The primary outcome was weight loss at 12 months. Prespecified secondary outcomes included insulin usage, HbA1c, fasting plasma glucose, fasting plasma C-peptide, hormonal responses during the MMTT, serum lipids, blood pressure, body composition, and QoL. Post hoc outcomes examined differences between participants in the intervention group who discontinued IT and those who did not. Adverse events (AE) were monitored during the initial TDR and food reintroduction phase.

Statistical analysis

The primary outcome was body weight loss at 12 months. Primary analysis used repeated measures analysis of covariance using a mixed model taking account of the within-subject variability, using weight measurements at all postrandomization time points and adjusting for baseline weight, randomization factors, HbA1c and number of medications. The adjusted mean group differences for baseline and each time point with 95% CIs were calculated. Both the crude unadjusted and adjusted estimates are presented, but the primary inference was based on the adjusted analysis. Area under the curve (AUC) was calculated using the trapezoidal rule. Secondary outcomes were analyzed using similar methods. Difference in hypoglycemia frequency between groups used mixed-effects Poisson regression with incidence rate ratio presented. All analyses were according to intention-to-treat principle. The impact of non-response and missing data at 12 months’ follow-up was examined in sensitivity analyses (online supplementary table S1). Details of dealing with missing data are found in the online supplementary appendix. Demographic factors and clinical characteristics were summarized with counts (percentages) for categorical variables, mean (SD) for normally distributed continuous variables, or median (IQR or entire range) for other continuous variables.

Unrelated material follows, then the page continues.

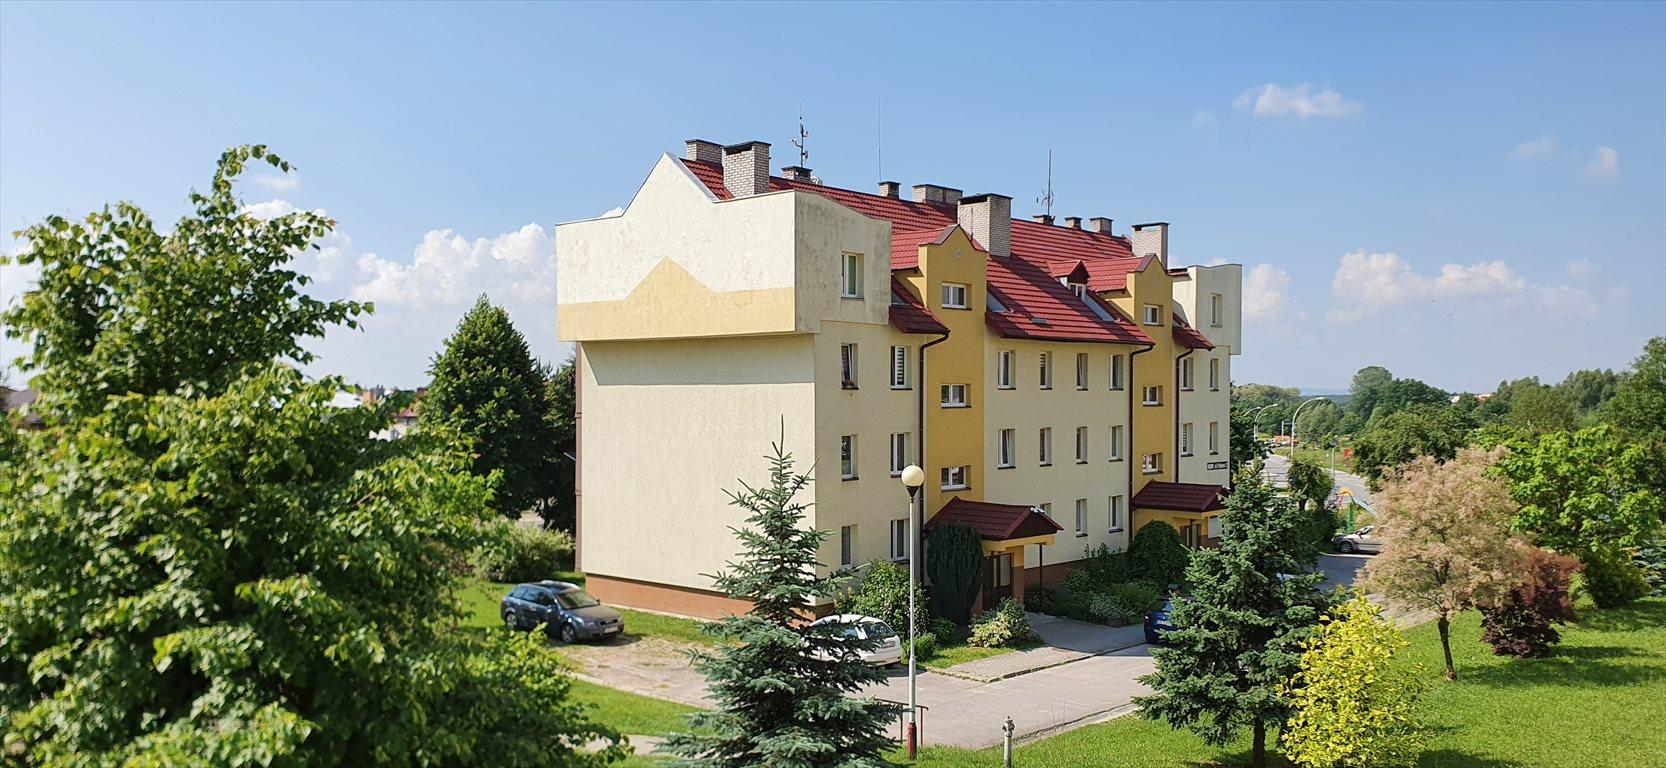 Mieszkanie dwupokojowe na sprzedaż Głogów Małopolski, Słoneczne, Piękna  67m2 Foto 1

The sample size calculation indicated that 37 participants per group would provide 80% power to detect a 10 kg weight loss difference between groups (SD 15 kg) at a 5% significance level.²³ Published mean attrition while following a very-low-energy diet (VLED) and LED is 0%–52%.²⁴ Accounting for an approximate 20% dropout, a total of 90 participants (45 per arm) were recruited.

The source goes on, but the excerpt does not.